George Washington Papers

[Diary entry: 2 February 1788]

Saturday 2d. Thermometer at 32 in the Morning—42 at Noon and 42 at Night. Wind Southerly, & day moderate.

Visited my Ferry, Frenchs & Dogue run Plantations.

At all, the same work as usual, except that the Dogue run Women were employed in pulling up a cross fence in the Meadow by the Overseers house—being the 2d. cross fence in this Meadw.

Set the home house gang to cording the Wood which had been cut for Bricks.

Began with a pair of Sawyers, this day, to cut the flooring planks for a Barn, proposed to be built between the Ferry & French’s Plantations of 2 Inch Oak.

Doctr. Craik came down to visit Mathew Baldridge but returned before dinner.

My Nephew Geo. Steptoe Washington came here this Evening to proceed to Lancaster to visit his Brother Ferdinando Washington who lay dangerously ill of a Consumption.

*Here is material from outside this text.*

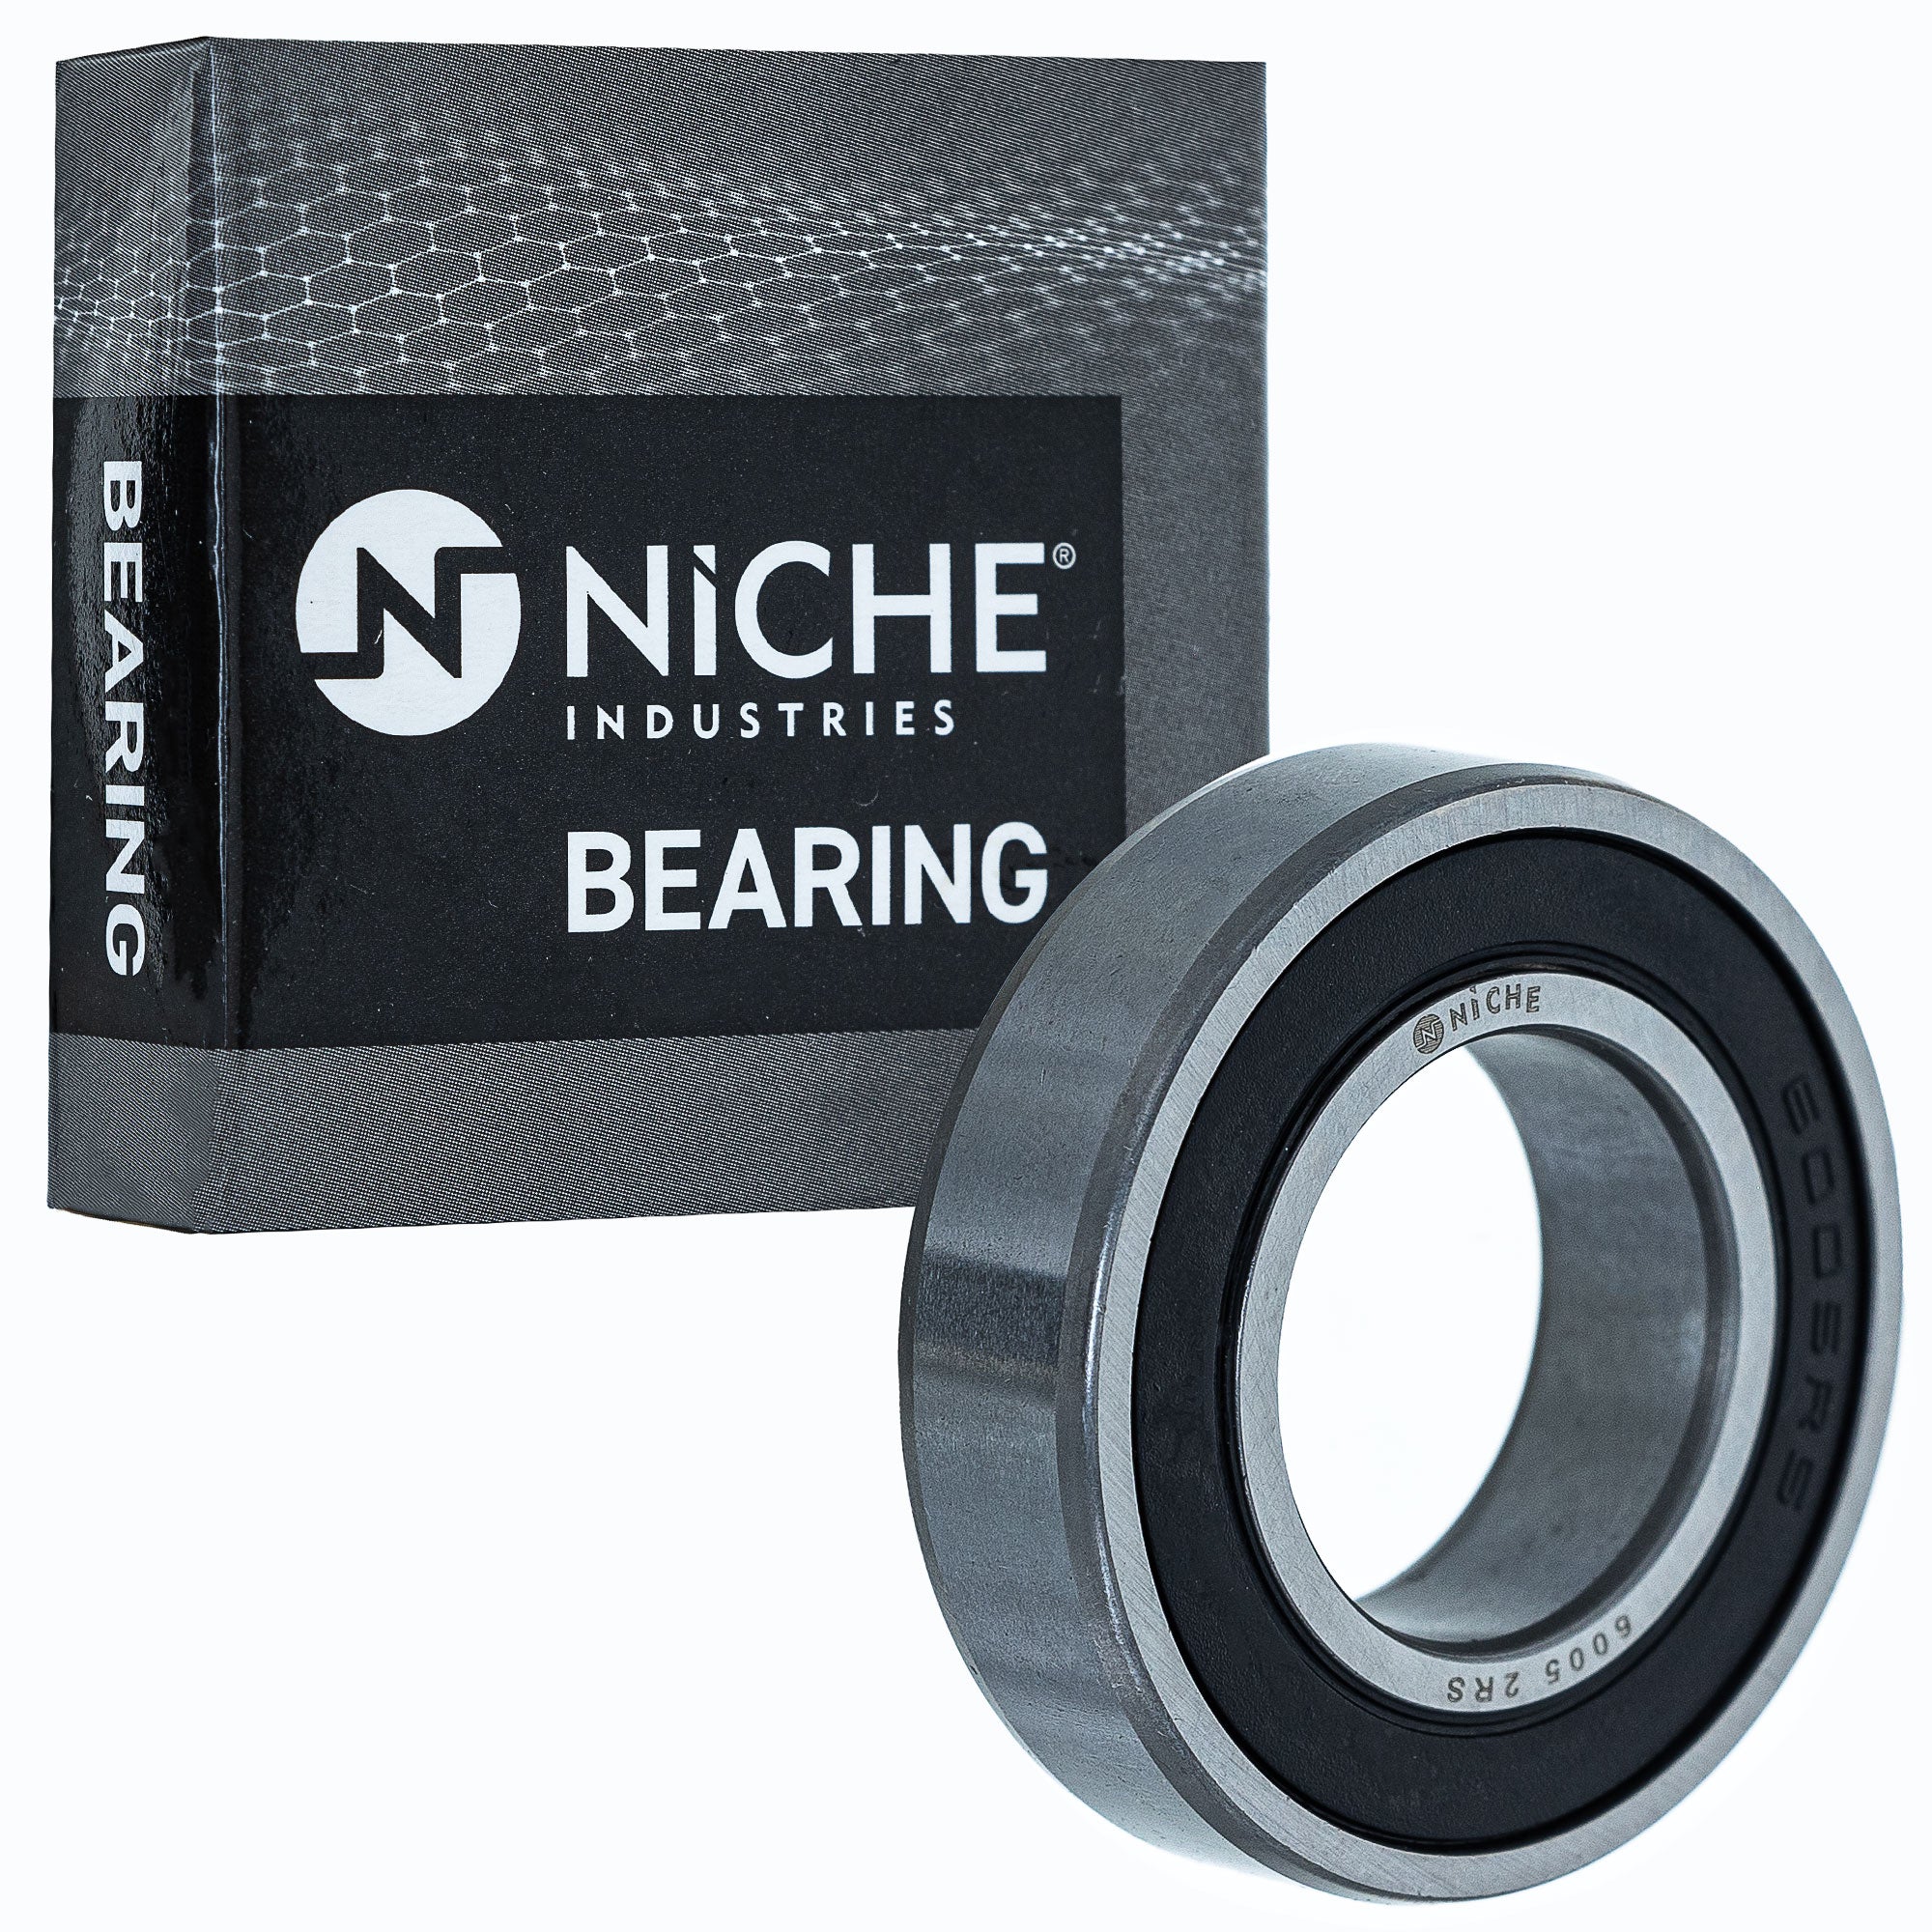 NICHE 519-CBB2234R Bearing & Seal Kit for zOTHER RVT1000R RC51

The barn was to be a two-story brick structure built according to a plan obtained from Arthur Young the previous year, but with some changes by GW to adapt it to his particular needs. Jacques (Jean) Pierre Brissot de Warville, a French visitor who saw GW’s new barn in an advanced stage of construction later this year, described it as “a huge one . . . about one hundred feet long and of an even greater width, which was to store all his grain, potatoes, turnips, etc. [from Ferry and French’s plantations]. Around it he had also built stables for all his cattle, horses, and donkeys [on those two plantations]. . . . The barn is so well planned that a man can fill the racks with hay or potatoes easily and without any danger.” Because most of the building materials came from Mount Vernon, the cost of the whole undertaking, GW told Brissot, “amounted to no more than £300.” The barn and barnyard, Brissot noted, “were innovations in Virginia, where they have no barns and do not store fodder for cattle” (BRISSOT description begins J. P. Brissot de Warville. New Travels in the United States of America, 1788. Translated by Mara Soceanu Vamos and Durand Echeverria. Edited by Durand Echeverria. Cambridge, Mass., 1964. description ends , 343; SCHOEPF description begins Johann David Schoepf. Travels in the Confederation [1783–1784]. Translated and edited by Alfred J. Morrison. 2 vols. Philadelphia, 1911. description ends , 2:48). GW wrote Young 4 Dec. 1788 that he believed his barn to be “the largest and most convenient one in this Country” (DLC:GW).